Va quindi disattesa la prima censura.

4.2. Ma anche la seconda censura è chiaramente destituita di fondamento giuridico. Non è esatto affermare che il trasporto di rifiuti con formulari d'identificazione incompleti o inesatti è configurato come illecito amministrativo, e come reato ex articolo 483 C.p. solo quando si fa uso di un certificato falso durante il trasporto. Come già sopra sottolineato, secondo il terzo comma del citato articolo 52 la pena prevista dall'articolo 483 C.p. si applica per ogni trasporto di rifiuti pericolosi non accompagnato dai prescritti formulari d'identificazione, o accompagnato da formulari incompleti o inesatti. E non v'è dubbio che le batterie al piombo esauste rientrano tra i rifiuti classificati come pericolosi dal Dlgs 22/1997 (ex Allegato D cod. Cer 1606).

Per altro verso, non è sostenibile la tesi formulata dal difensore nella memoria aggiuntiva, secondo cui nel caso di specie il reato è degradato a illecito amministrativo perché il formulario d'identificazione del trasporto, benché privo formalmente della indicazione del percorso d'istradamento, conteneva comunque tutti gli elementi per dedurre l'indicazione dovuta per legge. Il percorso d'istradamento infatti non si poteva dedurre inequivocabilmente — come sostiene il difensore — dall'indirizzo del detentore e da quello del destinatario, sia perché da un determinato detentore a un determinato destinatario non è detto che il percorso possibile sia uno e uno solo, sia perché nel caso di specie è lo stesso ricorso ad affermare che la raccolta delle batterie era avvenuta presso più detentori, sicché i percorsi possibili verso il destinatario si moltiplicavano proporzionalmente.

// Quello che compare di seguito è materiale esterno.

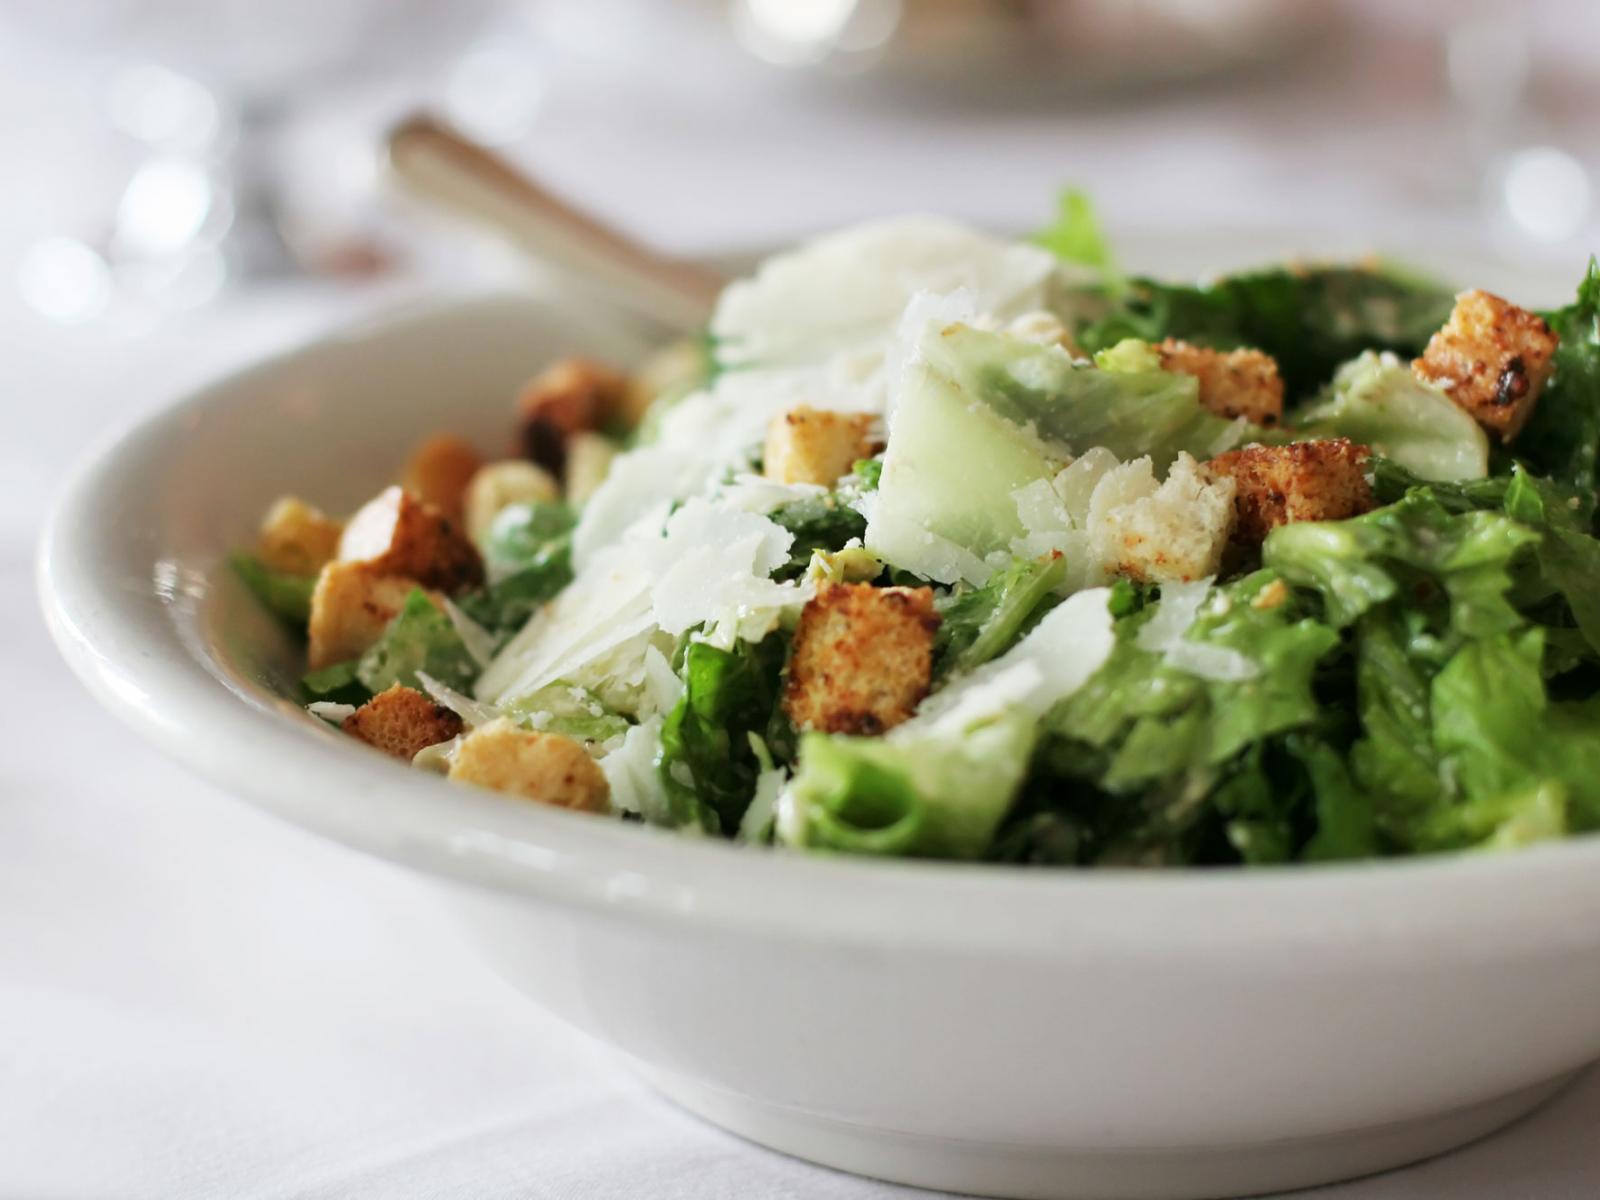 Creamy Caesar Salad Dressing - Sauce à salade césar crémeuse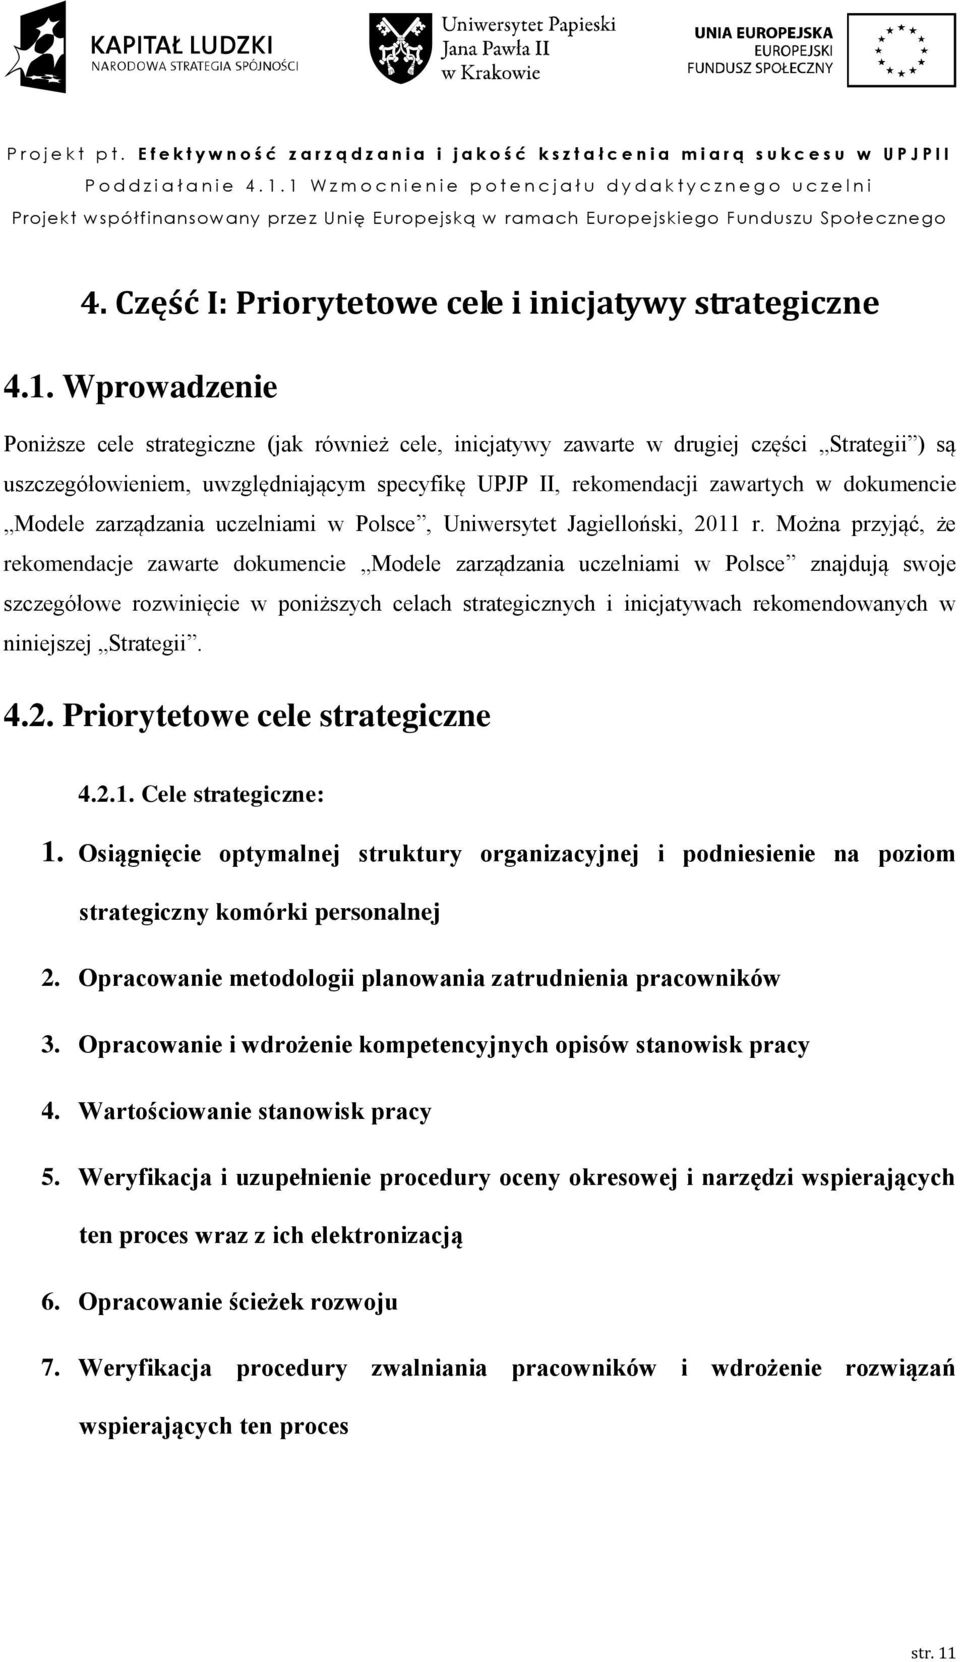 Modele zarządzania uczelniami w Polsce, Uniwersytet Jagielloński, 2011 r.

4.3. Così confermato il fumus delicti, infine, deve essere rigettato anche l'ultimo motivo di ricorso, con cui si denuncia vizio di motivazione in ordine ai presupposti del sequestro probatorio. E infatti vero è che il Tribunale del riesame ha richiamato una circostanza, quale la confiscabilità obbligatoria del mezzo con cui viene effettuato il trasporto illecito, che è per se stessa rilevante ai fini del sequestro preventivo ex articolo 321, secondo comma, C.p.p., ma non ai fini del sequestro probatorio ex articolo 354, comma 2, o ex articolo 253, comma 2, C.p.p. Ma è altrettanto vero che l'ordinanza dello stesso Tribunale, così come il decreto di convalida del Pubblico Ministero, hanno sottolineato l'esigenza di "effettuare accertamenti sul corpo del reato e/o cose pertinenti al reato". Il che basta a motivare il sequestro probatorio ai sensi delle norme citate, posto che l'autoveicolo sequestrato ai ricorrenti configurava indubbiamente un corpo del reato, in quanto mezzo utilizzato per la commissione del reato stesso.

5. In conclusione, il ricorso deve essere respinto. Consegue per legge la condanna dei ricorrenti al pagamento delle spese processuali. Considerato il contenuto dell'impugnazione, non si ritiene di dover irrogare anche la sanzione pecuniaria a favore della cassa ammende di cui all'articolo 616 C.p.p.